Y Yang1*, M Svatos2 , C Zankowski2 , B Bednarz1 , (1) University of Wisconsin, Madison, WI, (2) Varian Oncology Systems, Palo Alto, CA

Presentations

TH-EF-BRD-3 (Thursday, July 16, 2015) 1:00 PM - 2:50 PM Room: Ballroom D


Purpose:
To enable a treatment planning solution that utilizes voxel-specific penalties requires optimizing over a large solution space both quickly and accurately. Although challenging, such methods will enhance the clinical impact of adaptive (online and offline) and biologically guided radiotherapy. Monte Carlo calculations generally provide improved accuracy over deterministic methods, but with increased computation time.

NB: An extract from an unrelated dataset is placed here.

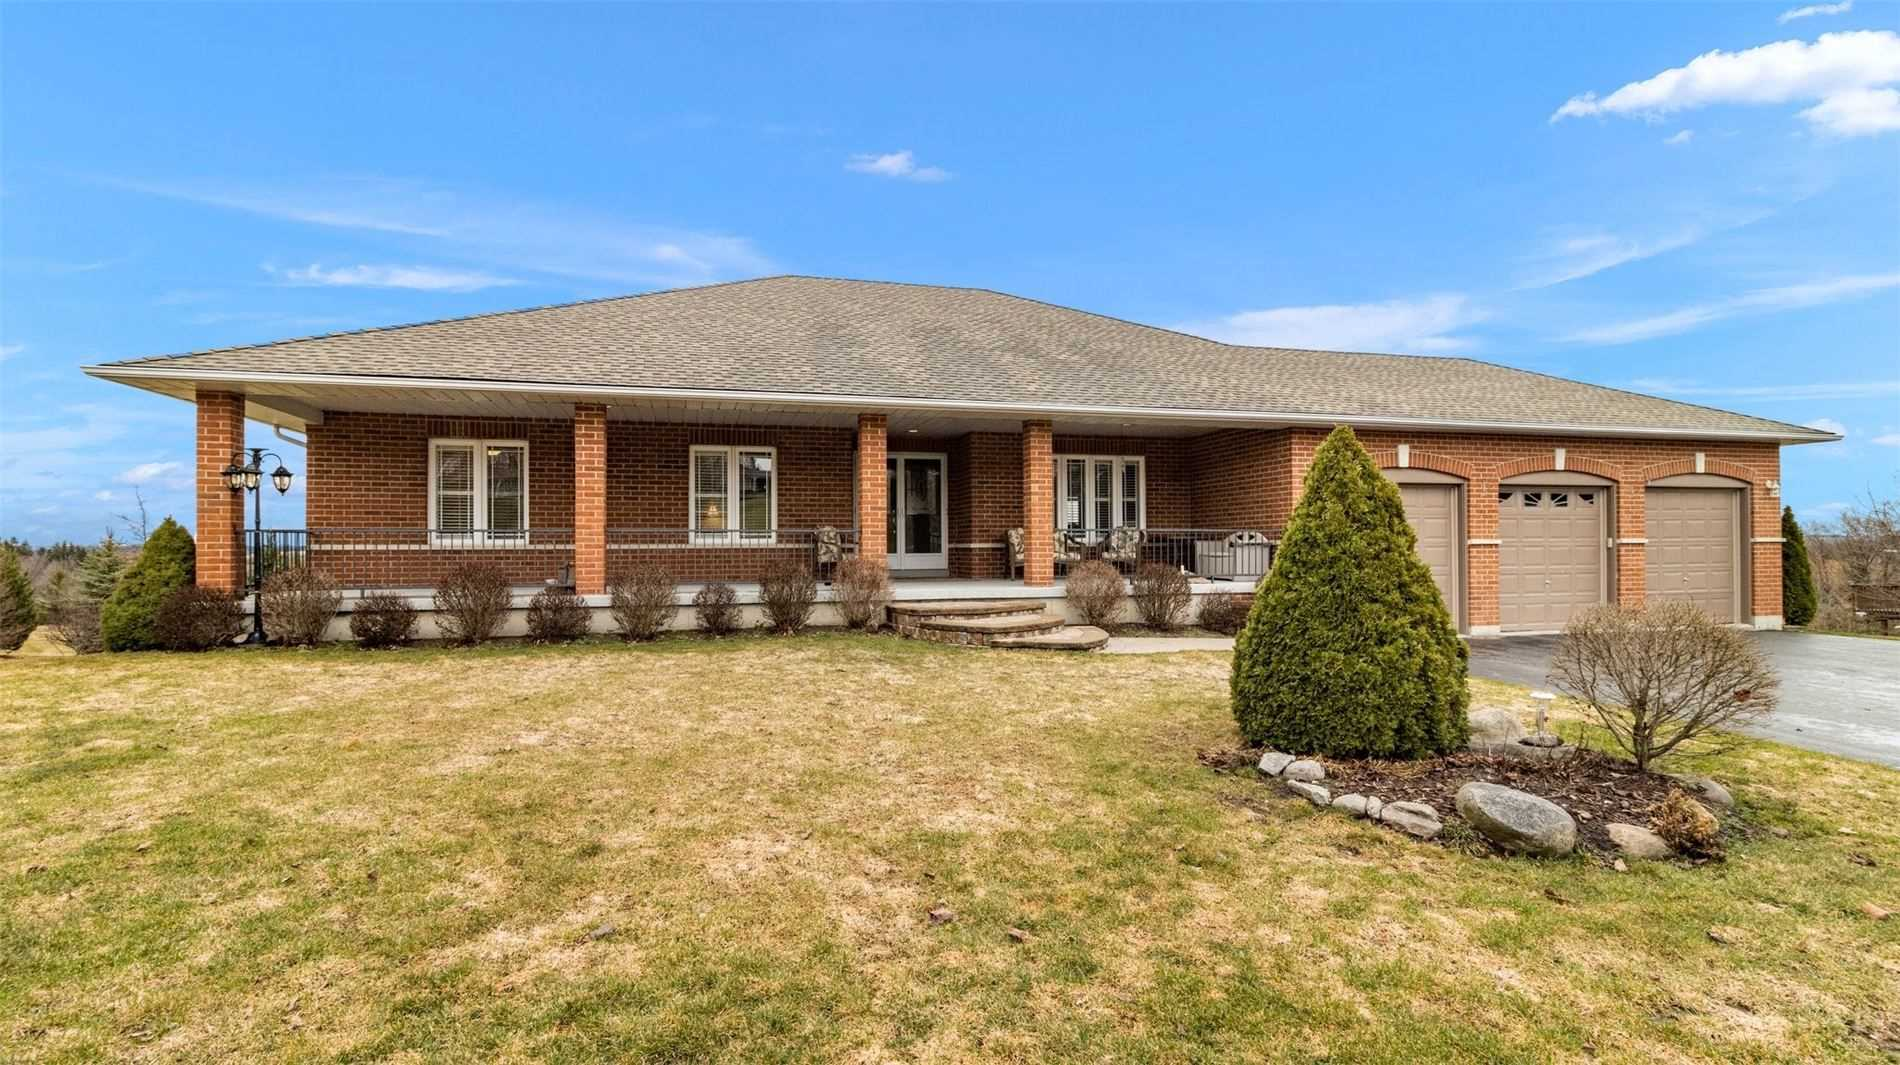 19 Kester Lane, Uxbridge, Ontario L0E1T0, 3 Bedrooms Bedrooms, ,2 BathroomsBathrooms,Detached,For Sale,Kester,N5171167

Instead, we present a low memory footprint direct Monte Carlo optimization platform that optimizes the fluence concurrently during the MC dose calculation. This reduces the wasted computation time spent on minimally contributing beamlets, and makes the combined optimization and dose calculation tasks both fast and accurate even over a large mathematical space.

Methods:
The Monte Carlo code Geant4 v9.6 was used to create the Fluence Adjusted Scaled Transport Monte Carlo (FASTMC) platform. The FASTMC platform minimizes clinical cost objectives during the dose calculation using multiple co-planar sources of arbitrary gantry angle and SID, for rotational or fixed beams. Beamlet particle histories are transported in iterative steps; cost is evaluated after each iteration, with beamlet intensity and dose profile incremented such that the cost is decreased. A Greedy Heuristic algorithm is employed that circumvents the necessity of a dose coefficient matrix, resulting in a memory footprint scaling that is independent of the patient CT resolution, and allows for intelligently biased selection, and calculation of beamlets based on costs in prior iterations.

Results:
A multi-field coplanar prostate plan was generated during the MC dose calculation, resulting in an optimized dose profile that is calculated concurrently with the optimized fluence. All clinical constraints for the target and OARs were met for this plan.

Conclusion:
This study demonstrated the feasibility of optimizing an incident fluence map using voxel-specific penalties during Monte Carlo dose calculations as a means of treatment planning tailored to emerging radiation therapy delivery paradigms.

Funding Support, Disclosures, and Conflict of Interest: This work is partially based upon an idea conceived by Varian Medical Systems. This work is partially supported by the NIH Training Grant 2T32CA009206-36A1.